- WHAT THIS TASK INVOLVES: Omit the pictures and reproduce the rest of the listing exactly.

** INFORMATION SUPPLIED follows **

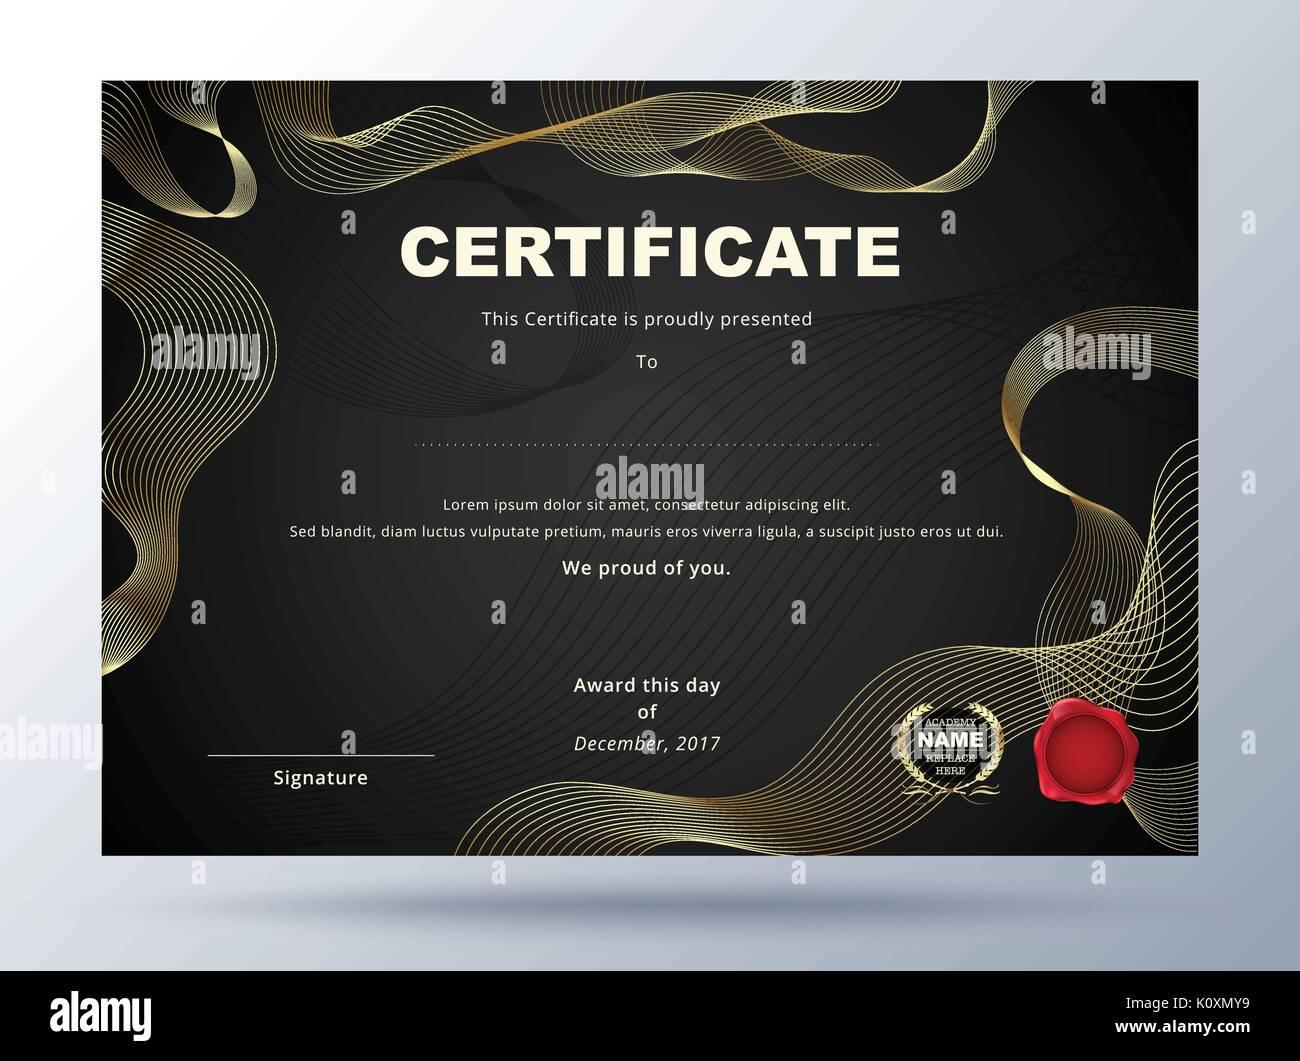 Elegant appreciation certificate template design stock photos certificate template design with simple concept business certificate design stock image xflitez Images
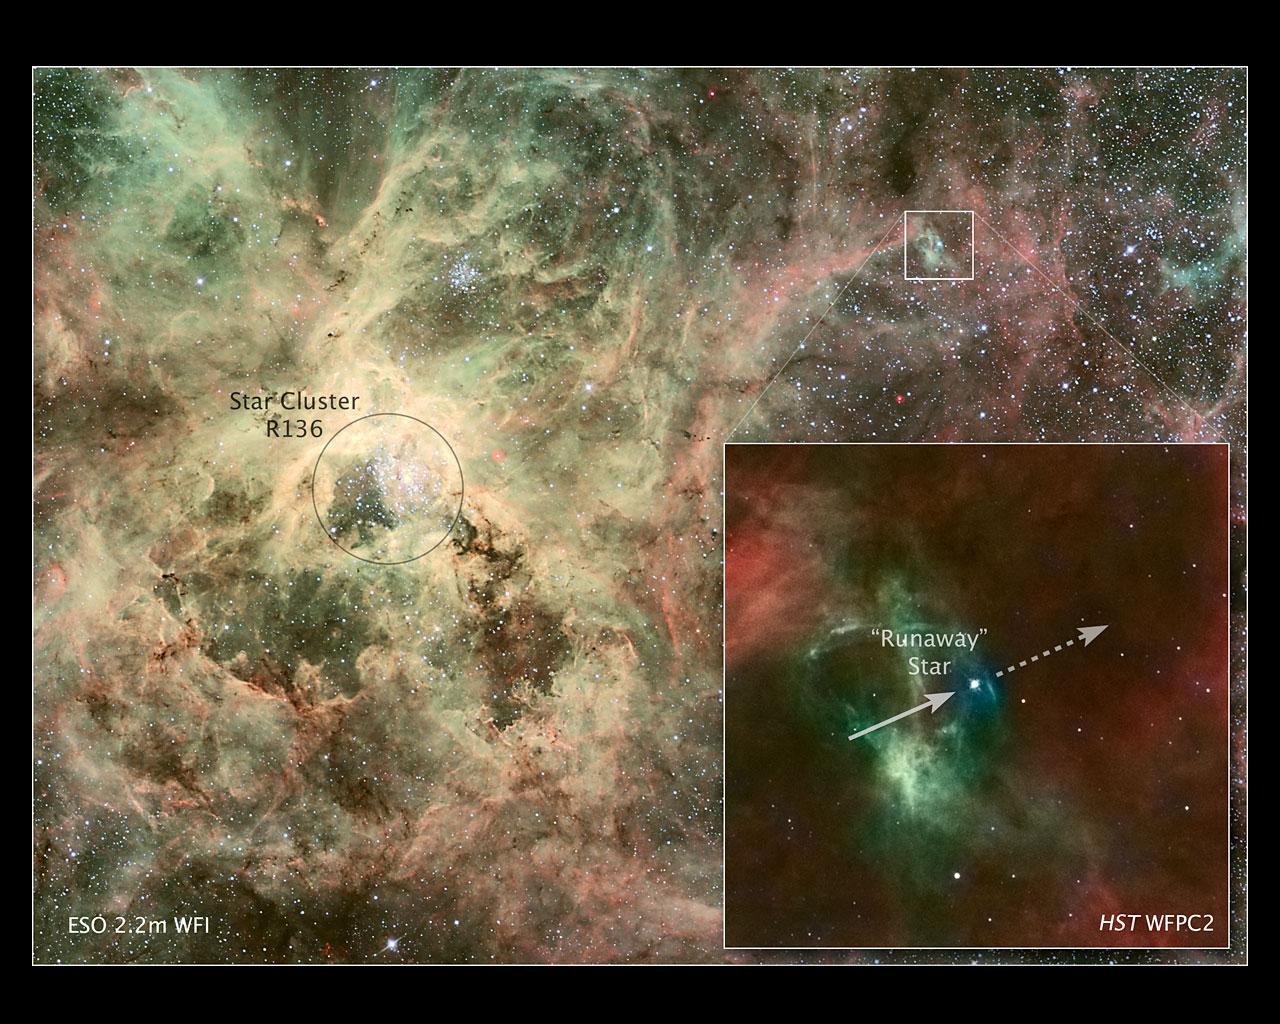 Astronomers nab runaway star
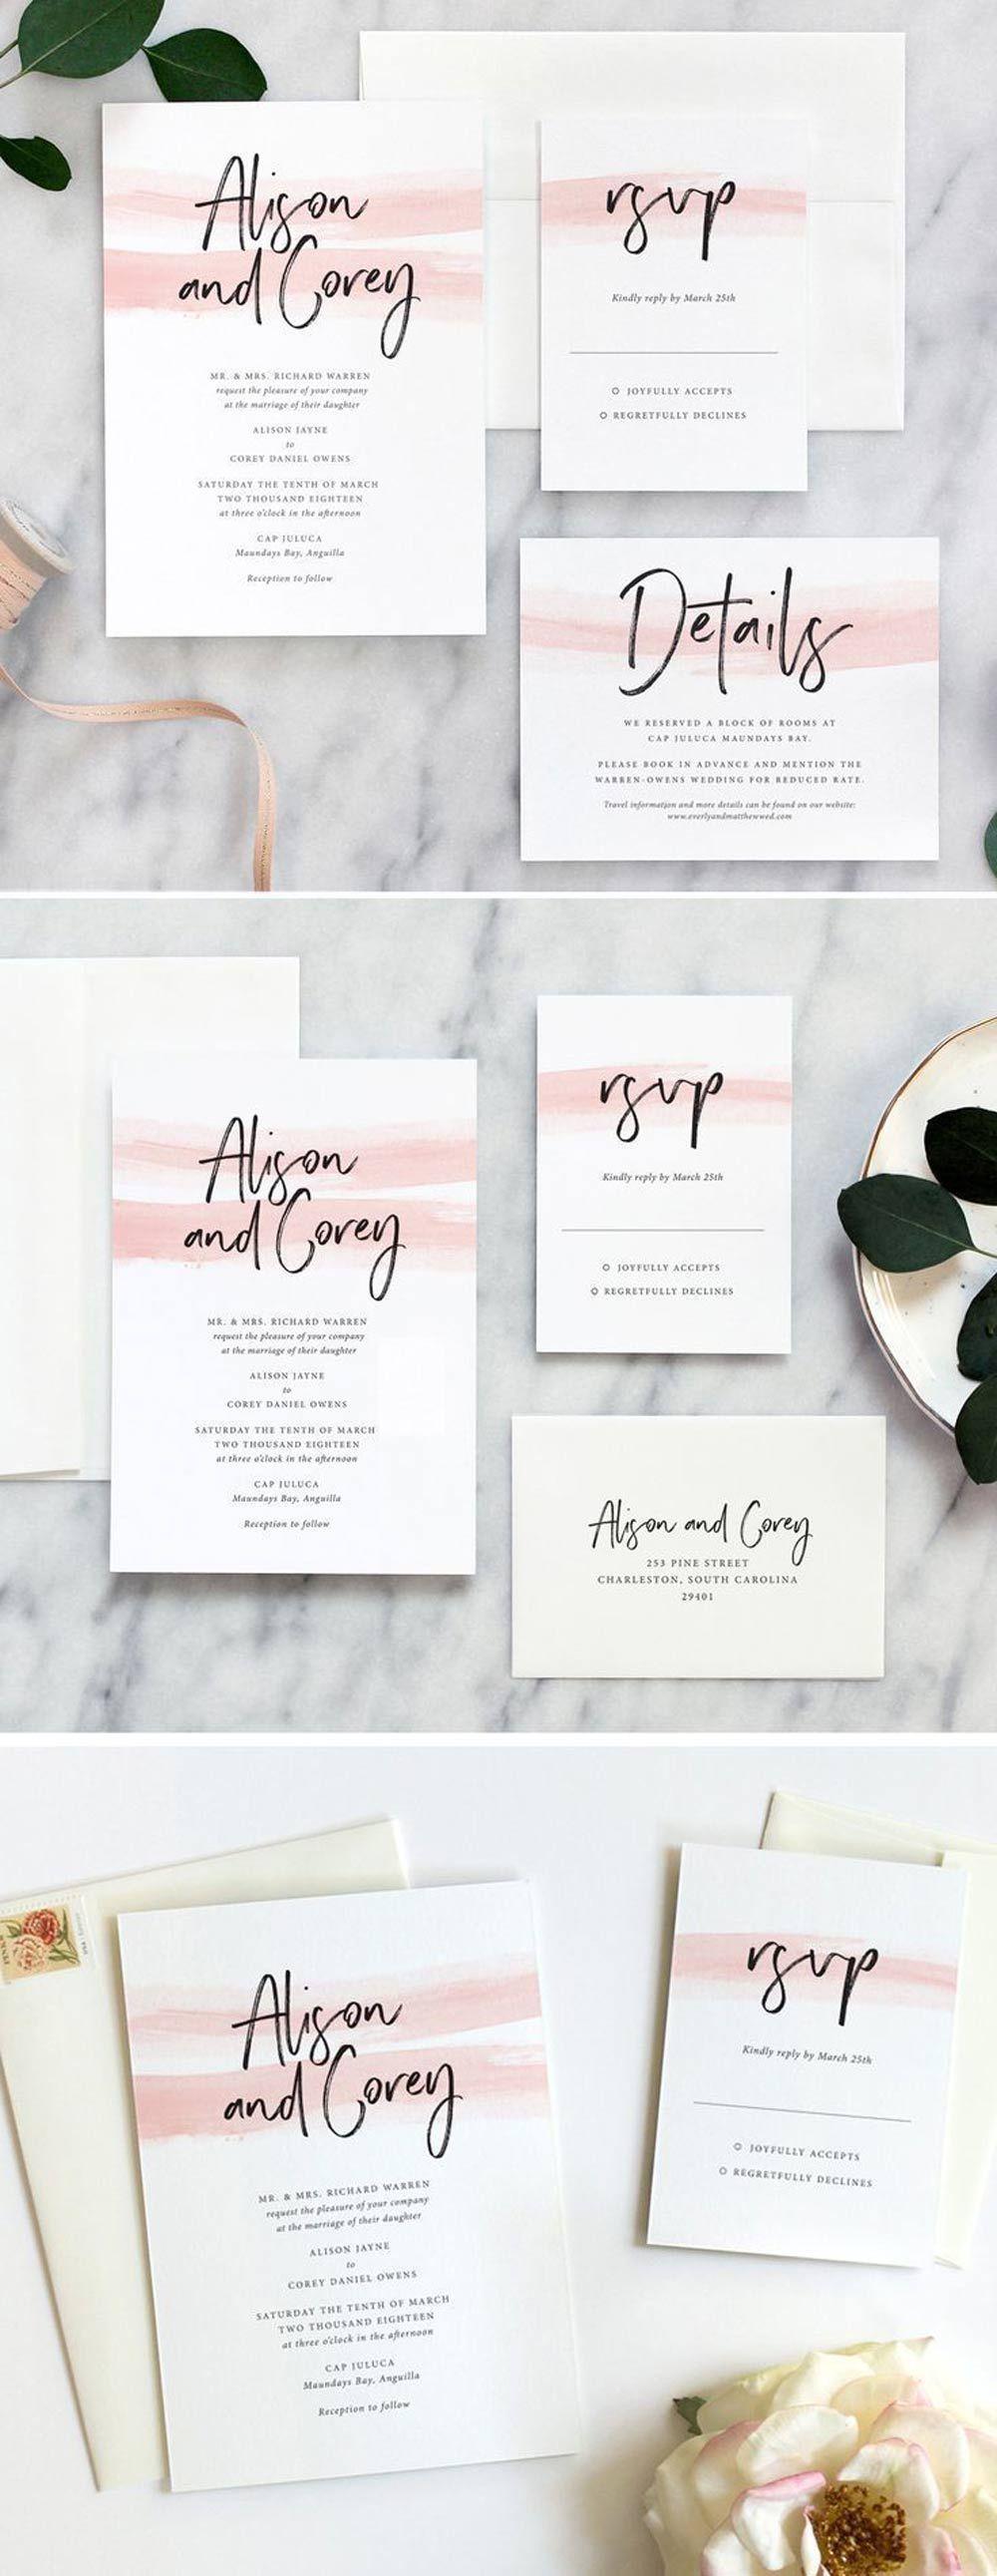 Diy Watercolour Wedding Invitations Instructions

** End of INFORMATION SUPPLIED **

- ANSWER FOR THIS EXERCISE:
 Elegant appreciation certificate template design stock photos certificate template design with simple concept business certificate design stock image xflitez Images
 Astronomers nab runaway star
 Diy Watercolour Wedding Invitations Instructions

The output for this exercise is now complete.